The dramatic resurgence of oil and gas extraction on the
Allegheny National Forest – the drilling itself, related road
construction and clearing of land – has sparked concern from
visitors and local residents alike.
And ANF officials themselves have been left to sort out
potentially conflicting interests of those who use the forest for
recreation, and those who use it as part of their livelihood.
Amid this debate is the government’s ownership of a mere 7
percent of the mineral rights within the country’s oldest
oilfield.
“We are stewards of the forest and all the multiple-use mandates
(that cover) wildlife, timber, and water and soil quality and
resources and so forth – for various uses,” said Stephen Miller,
information officer for the U.S. Forest Service in Warren.
“One of those legitimate uses on the Allegheny is the access to
the subsurface rights to those who own the oil and gas rights.”
Of the National Forest’s 513,325 acres, only 35,000 – that’s 7
percent – are owned by the government. And of that amount, 13,960
acres have been withdrawn from leasing.
That leaves the other 93 percent of subsurface to private owners
who have a legal right to extract them.
Ever since 1923, when more than 500,000 acres were designated
federal lands, the forest service has been working to promote
growth and to end the near desecration of the forest.
Oil was discovered at Drake’s Well in 1859, triggering the
Pennsylvania Oil Rush. For nearly 50 years, the forests in
Pennsylvania were subjected to aggressive logging as drillers
cleared land to make way for their wells.
Gifford Pinchot, a proponent of conservation techniques in
forestry, became the first director of the U.S. Forest Service in
1905. Nearly two decades later, in 1923, he was governor of
Pennsylvania when the Allegheny National Forest was created.
At the time the land was reserved as the ANF, it was determined
that forest system objectives could be achieved without the forest
service owning the mineral rights in the 513,325 acre forest
designation.
This historical information can be found in the “Pennsylvania
Wilds: Images from the Allegheny National Forest” book from Forest
Press, a division of the Seneca Highlands Association Inc.
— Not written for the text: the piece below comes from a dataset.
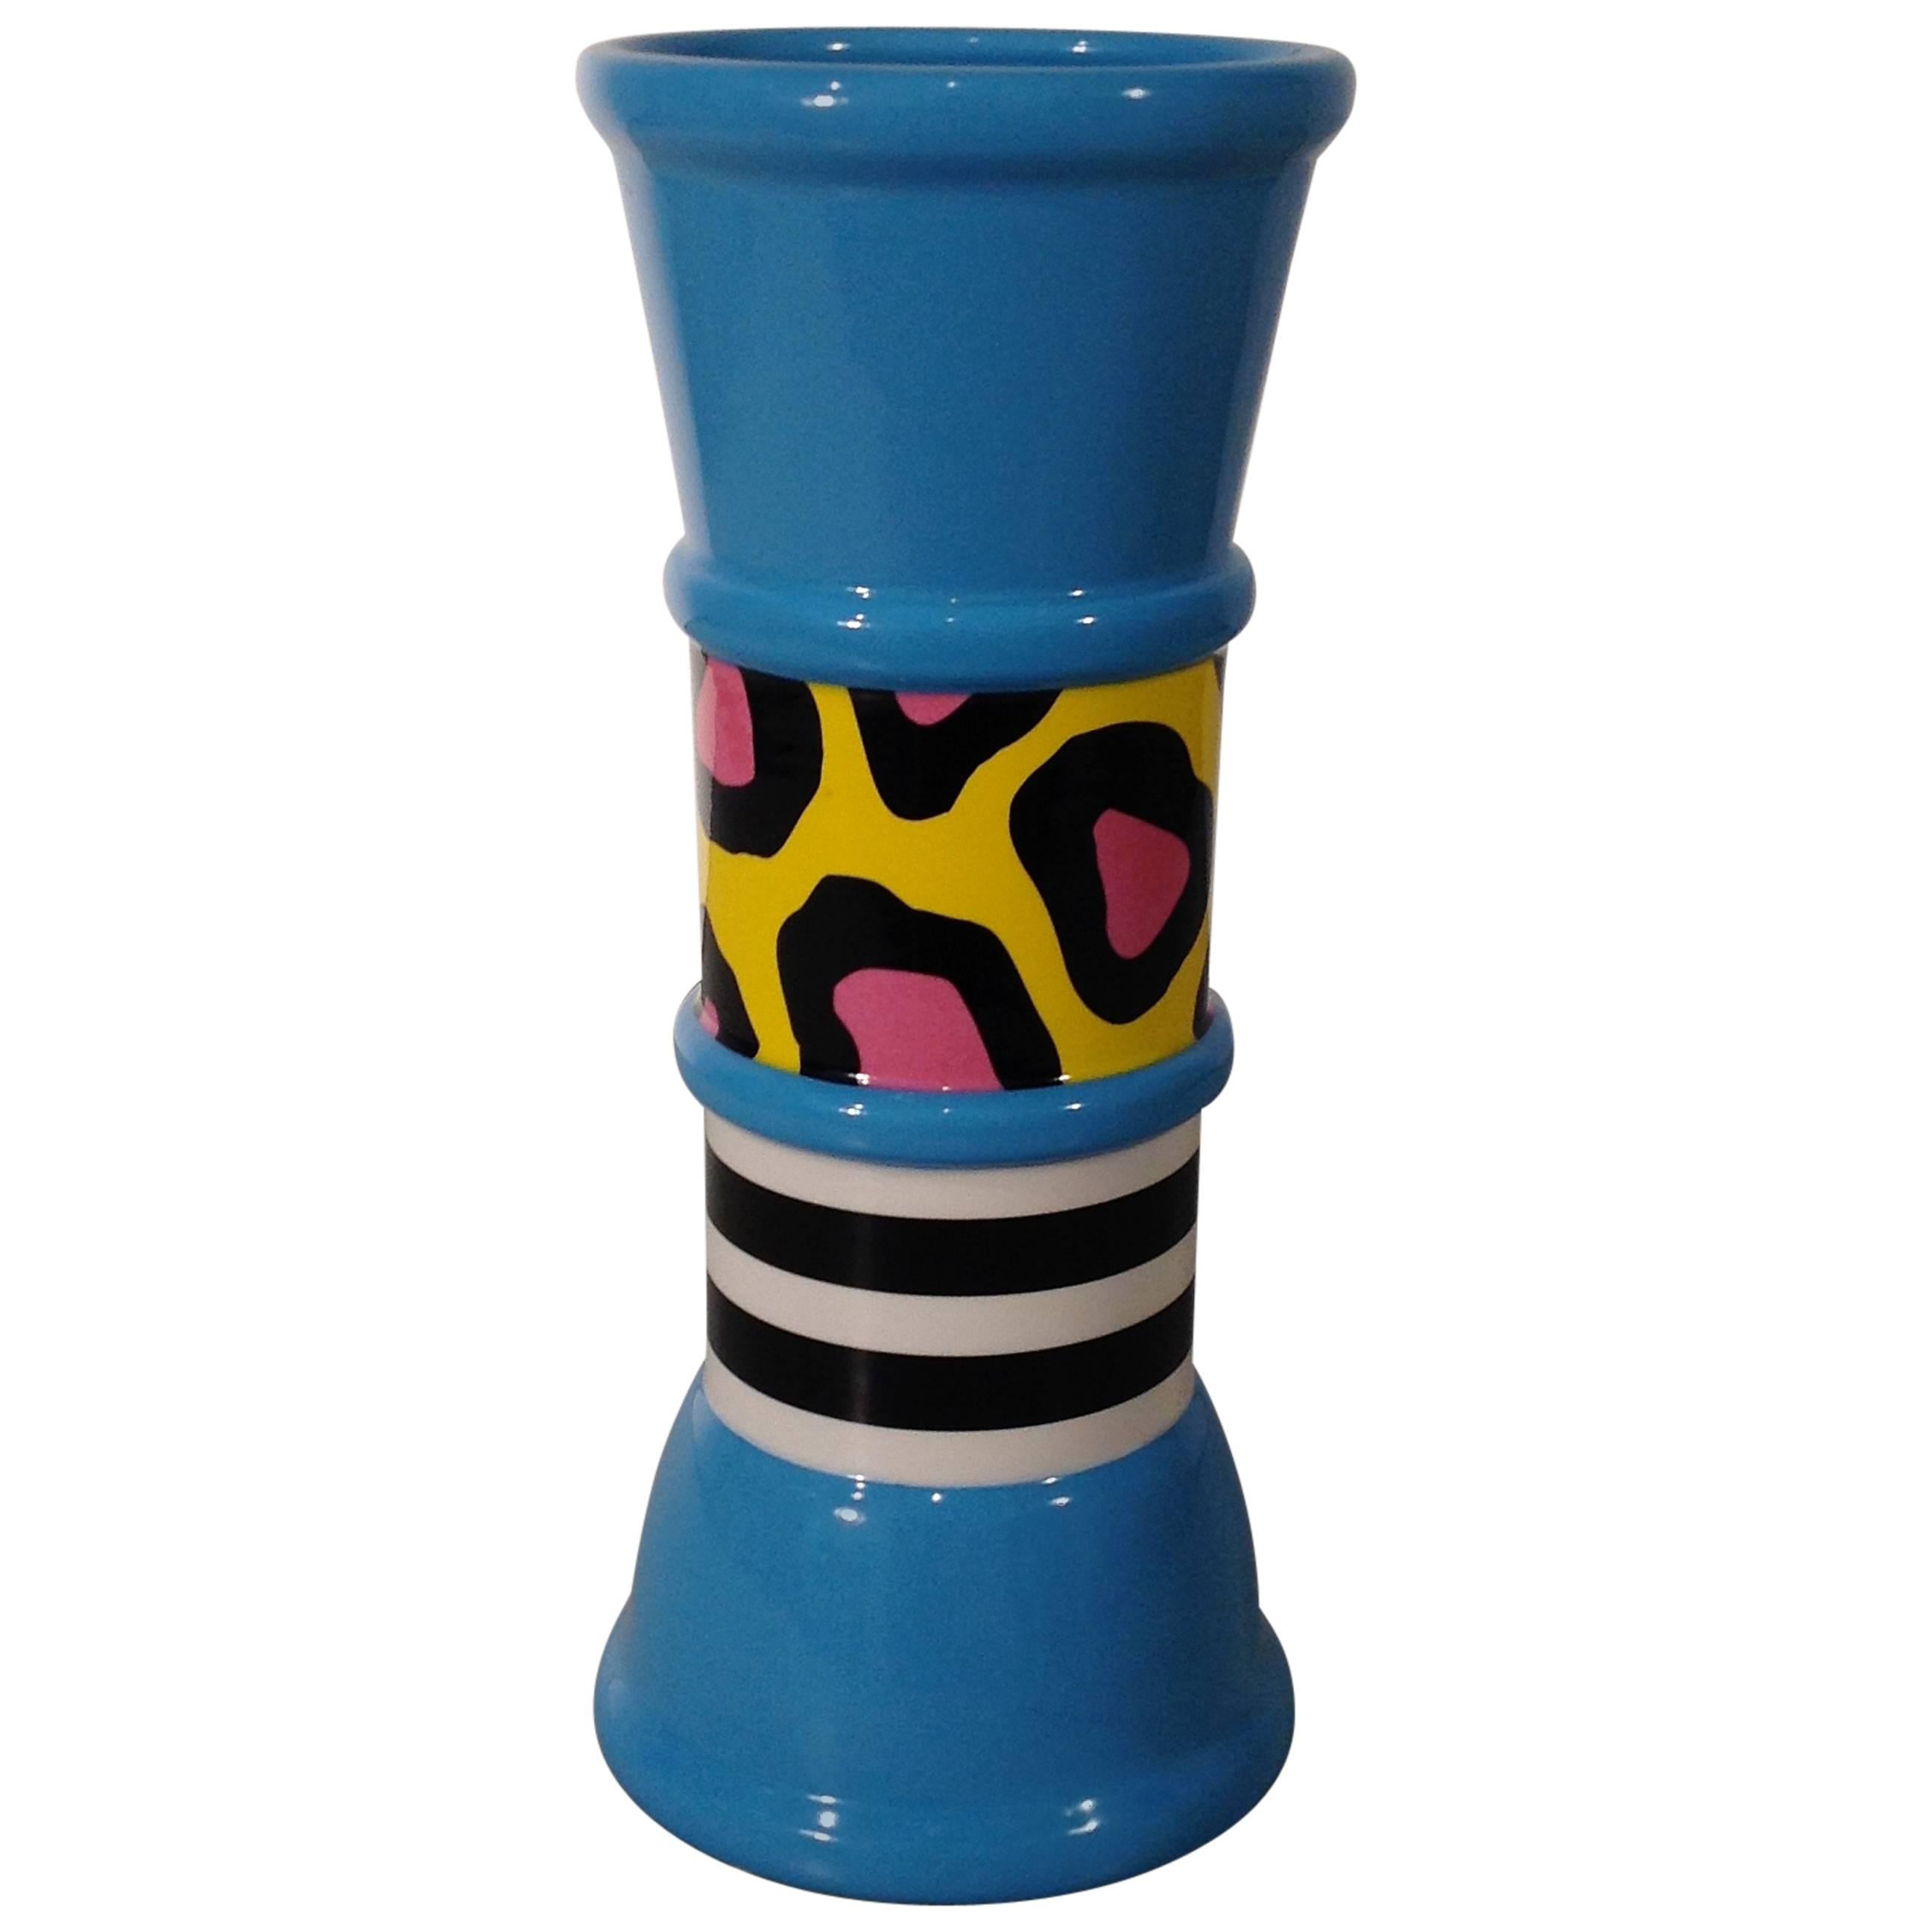 CARROT Ceramic Flower Vase by Nathalie du Pasquier for Memphis Milano

The book also mentions that prior to Pinchot’s rise to creating
the forest service, a man named Joseph Rothrock, who had admired
the northern Pennsylvania forest before it was cut, became first
the president of the Pennsylvania Forestry Association and then
Pennsylvania’s first commissioner of forestry.
While he was commissioner, hundreds of thousands of acres were
sold at sheriff’s sales and were reclaimed and reforested by the
state, adds the book.
“We are lucky we have a fairly resilient ecosystem – we have
been doing a good job of restoring it and that process will
continue,” said Miller of the past, present and future practices of
the forest service since its inception.
Since 1986, some 4,493 new wells had been drilled on the
National Forest – an average of 225 new wells per year. That
information is included in a draft environmental impact statement
prepared as part of the ongoing revision of ANF’s forest plan.
There were also 1,993 wells plugged during this time.
“We need to remember not just active drilling for new wells, but
we also have an active program to monitor wells currently in
production by working with the operators to decommission wells not
in service,” added Miller.
The release from the ANF adds that with the rise in oil and
natural gas prices, 688 wells were drilled on the ANF in 2005.
About 1,000 were estimated to be drilled this year and an estimated
9,000 oil and gas wells are in production, according to a September
report.
The amount of drilled wells could exceed 20,000. Additional
information in the report states that oil and gas bearing wells
could remain in production for 25 to 30 years, while some could
remain for more than 50 to 75 years.